What you return should match the data below exactly, with no pictures in it.

## DATA SECTION

Segment Open

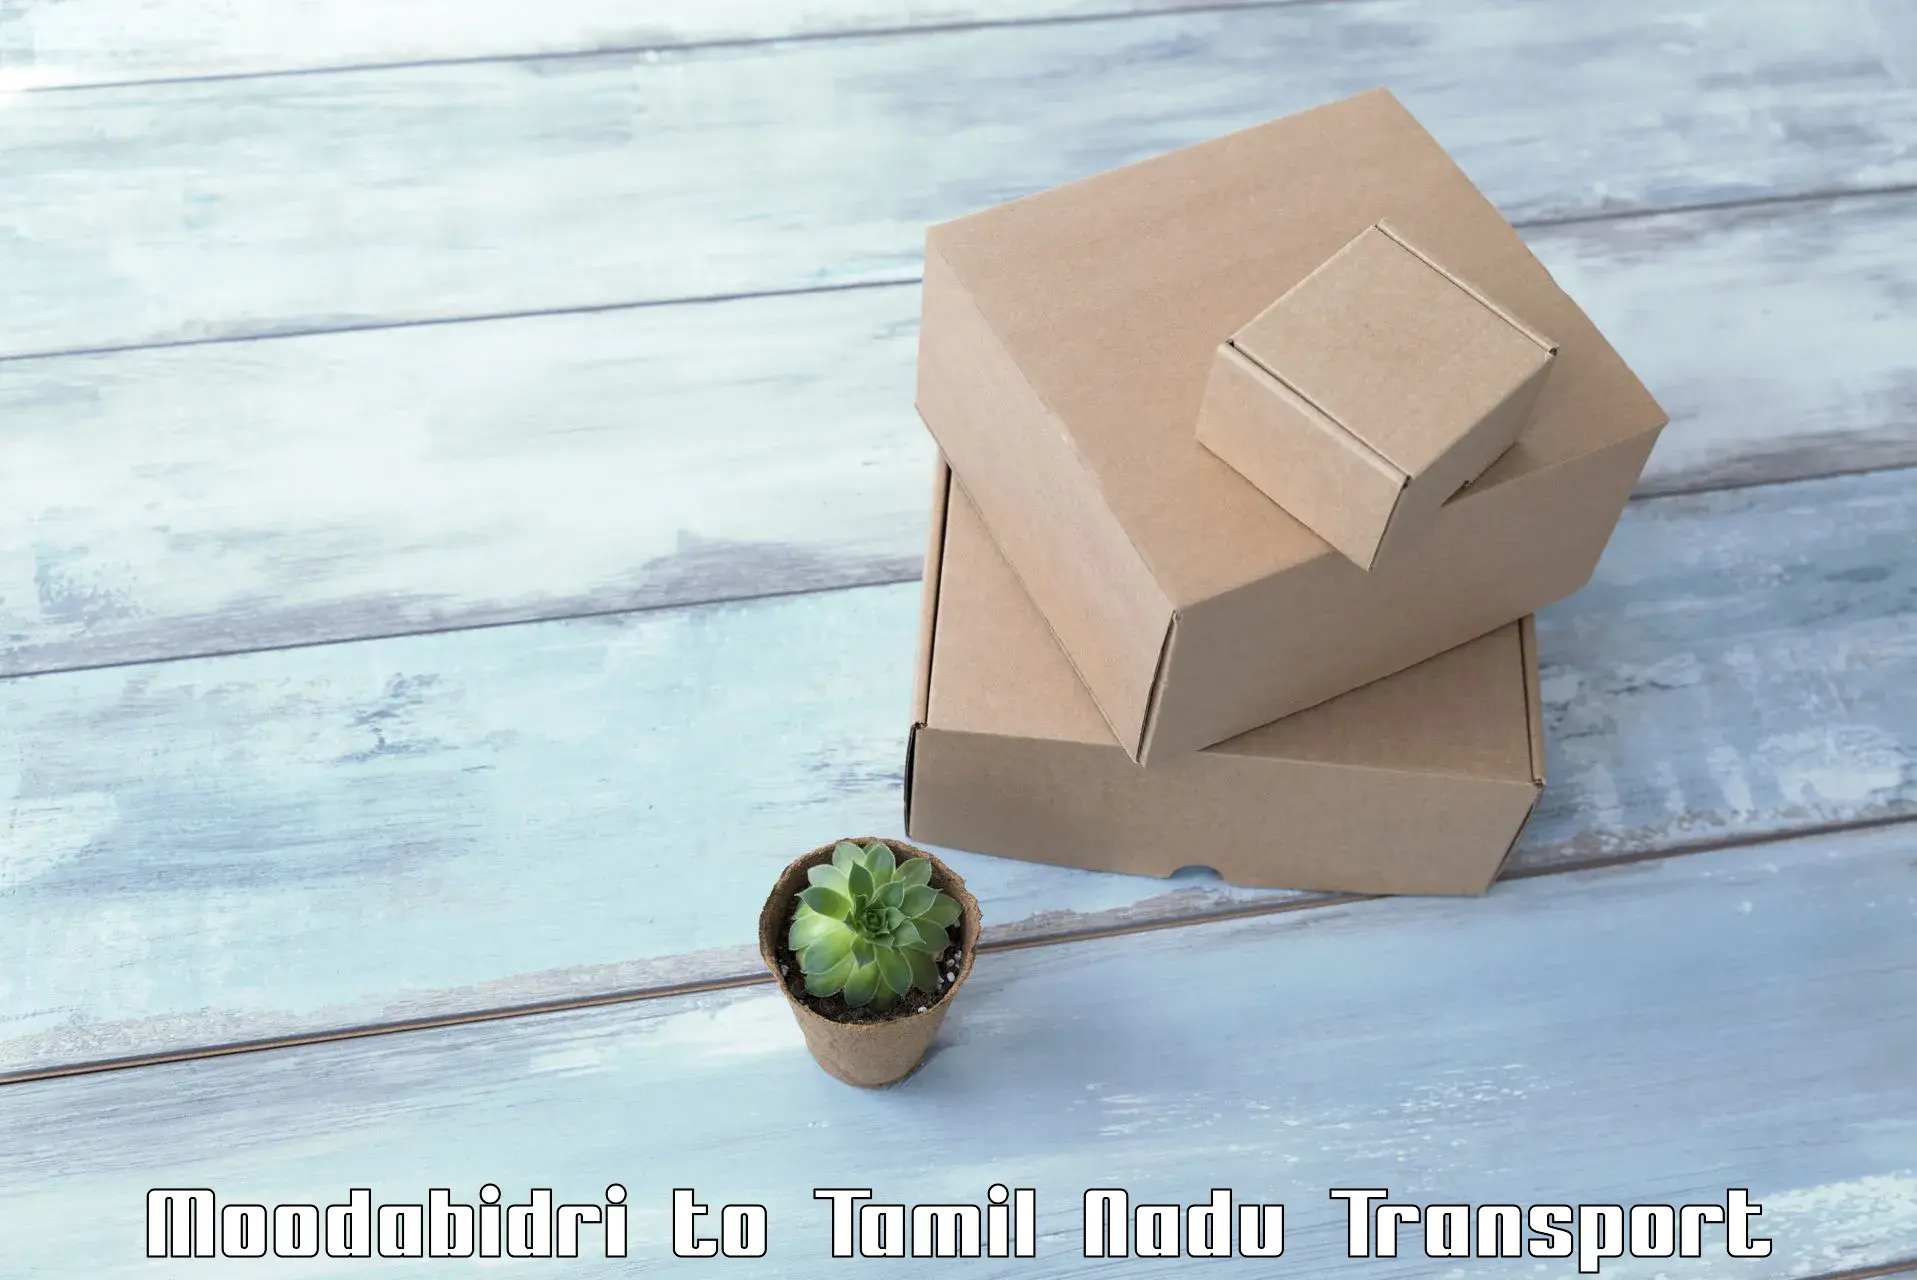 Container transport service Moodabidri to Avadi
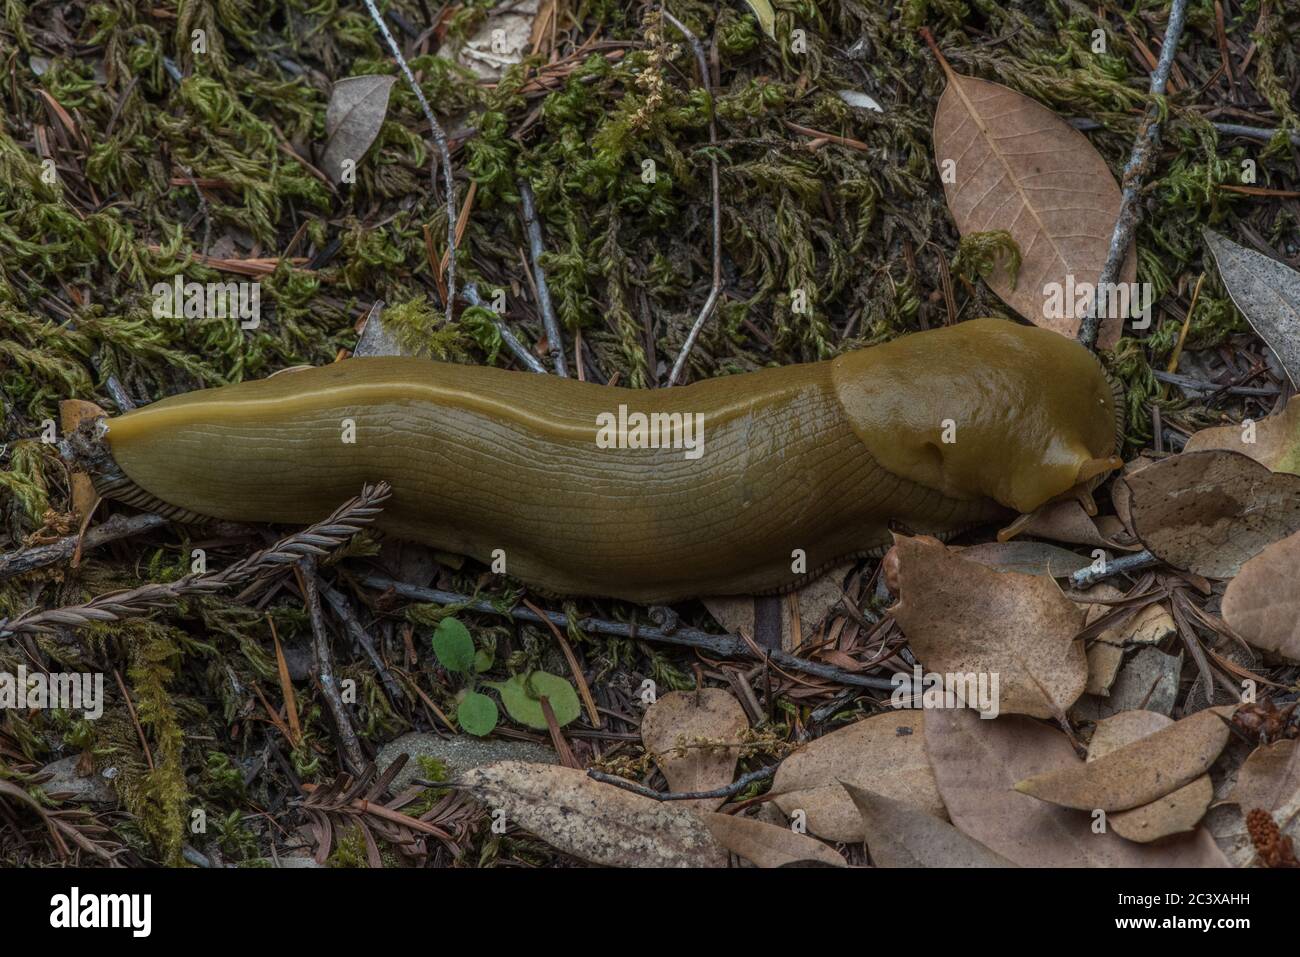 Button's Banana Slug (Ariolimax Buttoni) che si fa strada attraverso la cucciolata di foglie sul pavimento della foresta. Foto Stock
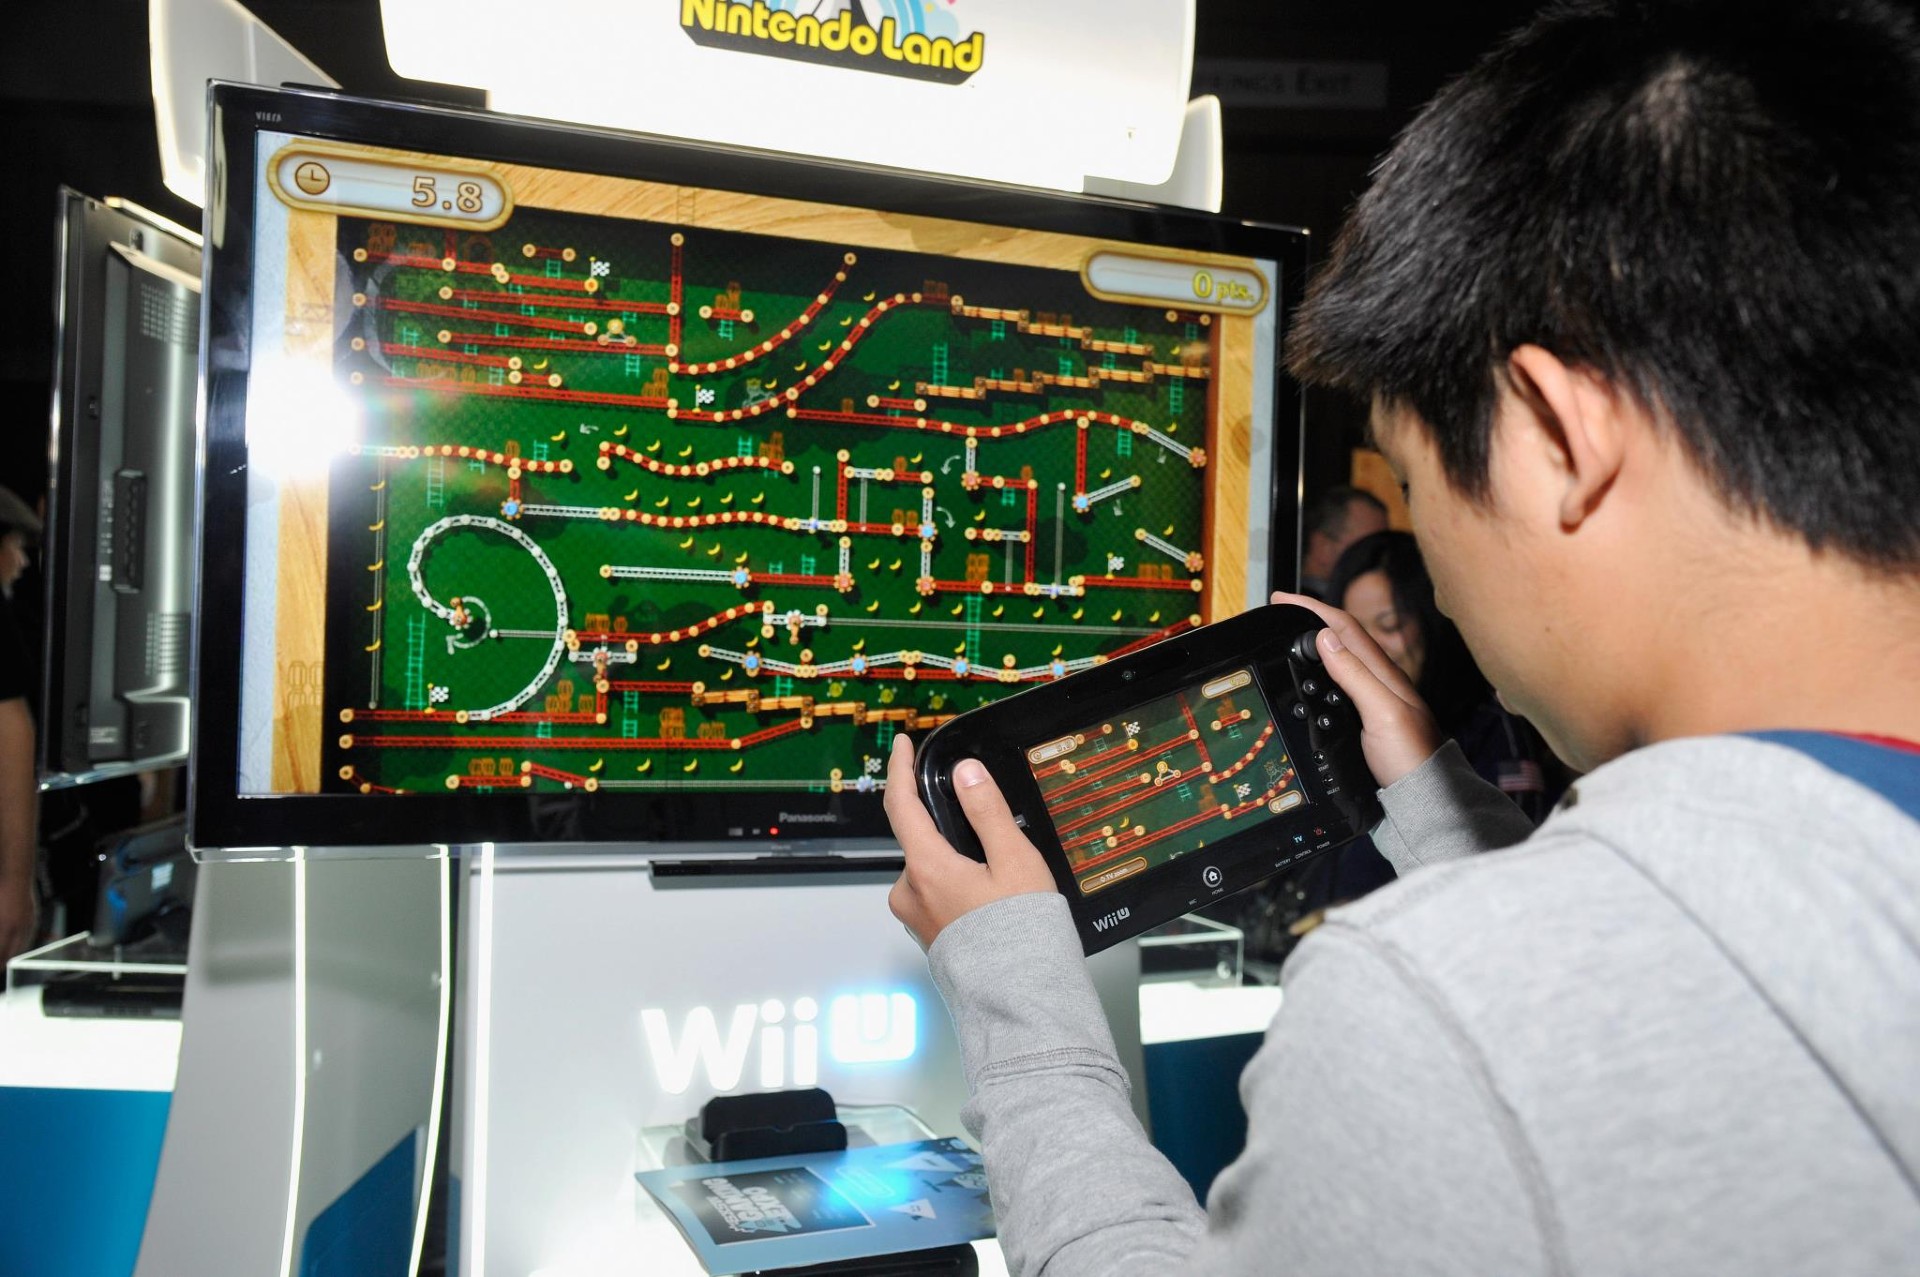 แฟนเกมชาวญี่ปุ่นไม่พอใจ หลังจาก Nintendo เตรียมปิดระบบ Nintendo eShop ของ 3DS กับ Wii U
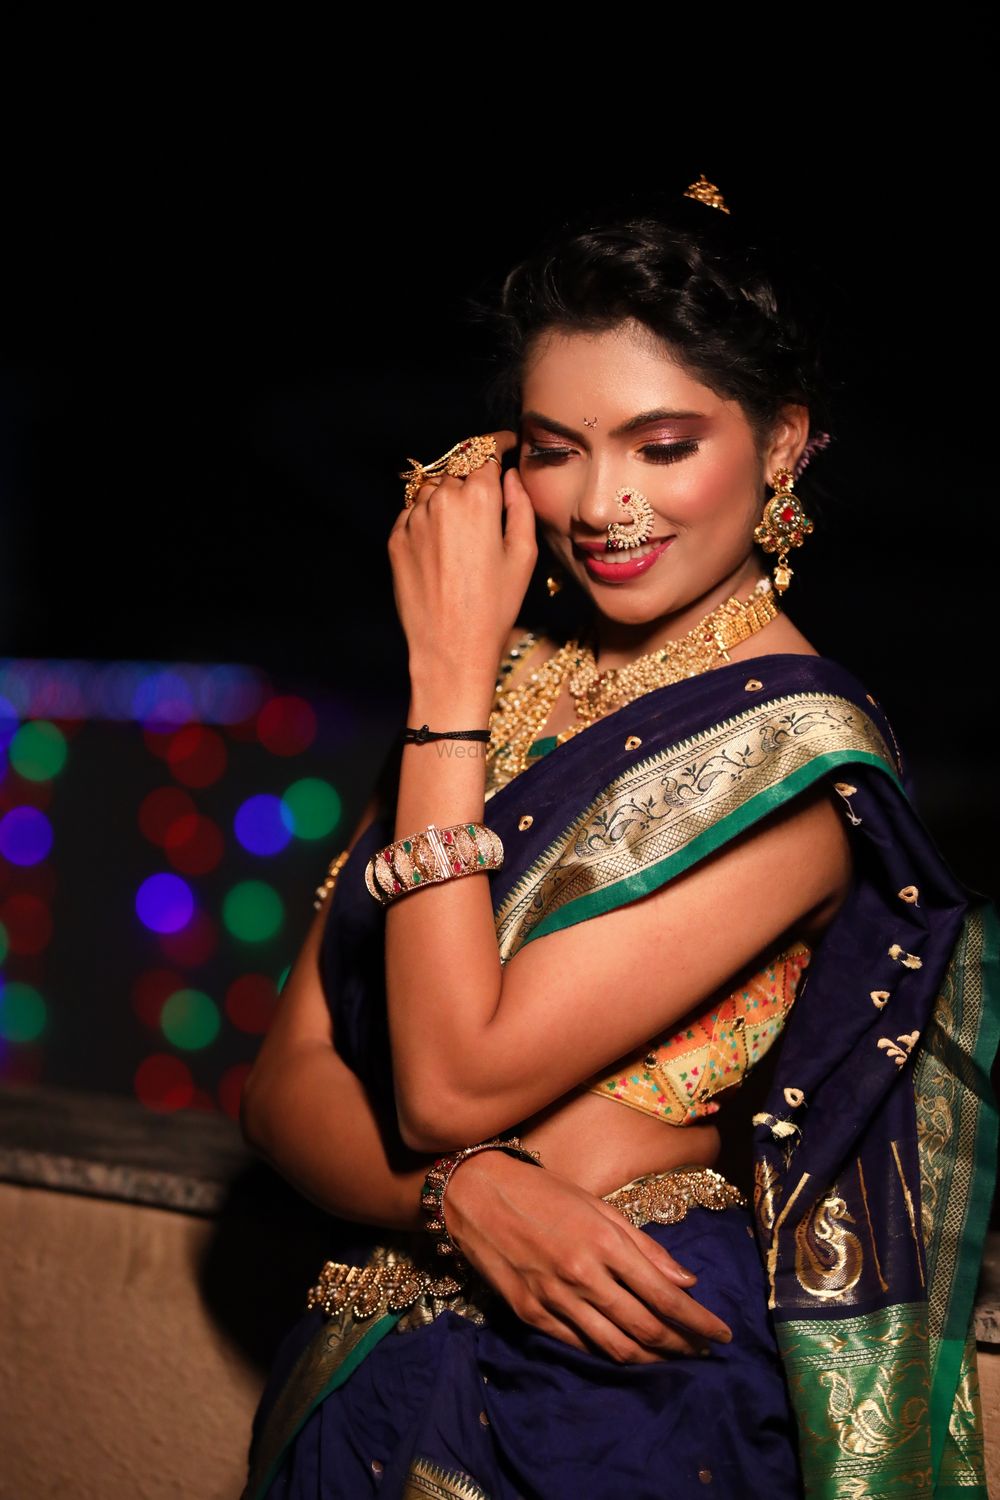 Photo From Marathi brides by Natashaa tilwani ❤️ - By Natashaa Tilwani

Segment Closed

## ANSWER TO THIS EXERCISE
 Container transport service Moodabidri to Avadi
 Button's Banana Slug (Ariolimax Buttoni) che si fa strada attraverso la cucciolata di foglie sul pavimento della foresta. Foto Stock
 แฟนเกมชาวญี่ปุ่นไม่พอใจ หลังจาก Nintendo เตรียมปิดระบบ Nintendo eShop ของ 3DS กับ Wii U
 Photo From Marathi brides by Natashaa tilwani ❤️ - By Natashaa Tilwani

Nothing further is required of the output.